Through v0.5.1 the erofs was built lazily on the host into a separate cache/sha256/<manifest-digest>.erofs directory. That directory is no longer used; older installs may still have one and can rm -rf it. See the v0.5.1 → v0.5.2 upgrade guide.

Concepts, mapped to Docker

Shed concept Docker analog
Manifest blob — JSON file at blobs/sha256/<hex> whose media type is application/vnd.oci.image.manifest.v1+json Image manifest
Config blob — JSON file in blobs/sha256/<hex> referenced by the manifest Image config
Layer blob — gzipped tar at blobs/sha256/<hex> Image layer
Rootfs erofs blob — raw erofs at blobs/sha256/<hex> referenced by io.shed.rootfs.erofs.digest (no direct analog — read-only root the VM mounts)
Kernel / initrd blobs — raw binaries at blobs/sha256/<hex> referenced by io.shed.kernel.digest / io.shed.initrd.digest (no direct analog — VM boot artifacts)
Tagtags/<name>.json pointing at a manifest digest Image tag
Dangling manifest — manifest with no tag and no shed/snapshot reference <none>:<none> image

Two tags can point at the same manifest digest, and two manifests can share layer blobs — both forms of sharing are zero extra disk cost.

How a shed pins an image

When shed create --image extensions runs, the server:

  1. Resolves the extensions tag to a manifest digest via tags/extensions.json.
  2. Writes instances/<name>/metadata.json with "lower_digest": "sha256:<manifest-digest>", "schema_version": 3, and the list of layer digests captured at create time.
  3. Looks up the manifest's io.shed.rootfs.erofs.digest annotation and resolves it to a blob path under blobs/sha256/. The blob IS the read-only lower the VM mounts — no host-side mkfs.erofs.
  4. Creates the per-shed upper at uppers/<name>/upper.ext4.

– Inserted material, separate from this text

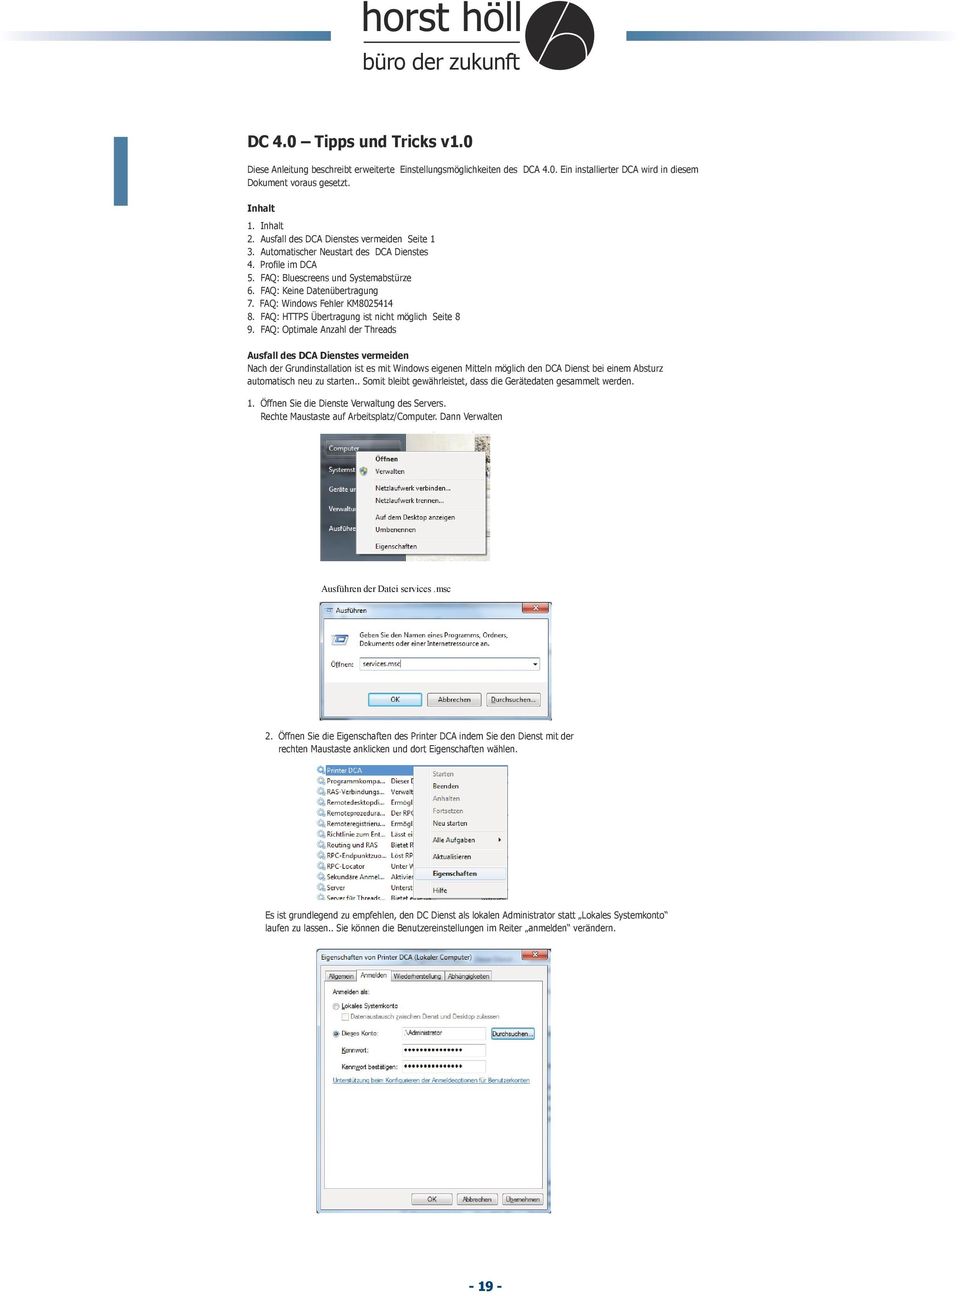 Automatischer Neustart des DCA Dienstes 4. Inhalt Profile im DCA 5. FAQ: 1. Bluescreens Inhalt und Systemabstürze 2. Aus fall des DCA Dienstes vermeiden Seite 1 6. FAQ: Keine Datenübertragung 3.

Subsequent shed start reads the same metadata. The shed boots from the exact manifest it was created against — re-tagging extensions to a new digest after the fact does not change what an existing shed boots.

Reachability and prune

shed image prune walks reachability rather than refcounting:

  1. Seed set — for every instances/*/metadata.json and snapshots/*/snapshot.json, collect the pinned lower_digest (the manifest digest) and the layer digests.
  2. Expand — for every manifest digest in the seed set, parse the manifest and add its config blob and layer blob digests.
  3. Sweep — delete any blob in blobs/sha256/ not in the reachable set. (The reachable set includes layer blobs, manifest configs, the kernel / initrd loose blobs, and the rootfs erofs blob via their respective annotations.)

Tags do not protect blobs. Following the Docker model, shed image rm <tag> only removes the tag — the manifest and its layers stay until prune walks them out.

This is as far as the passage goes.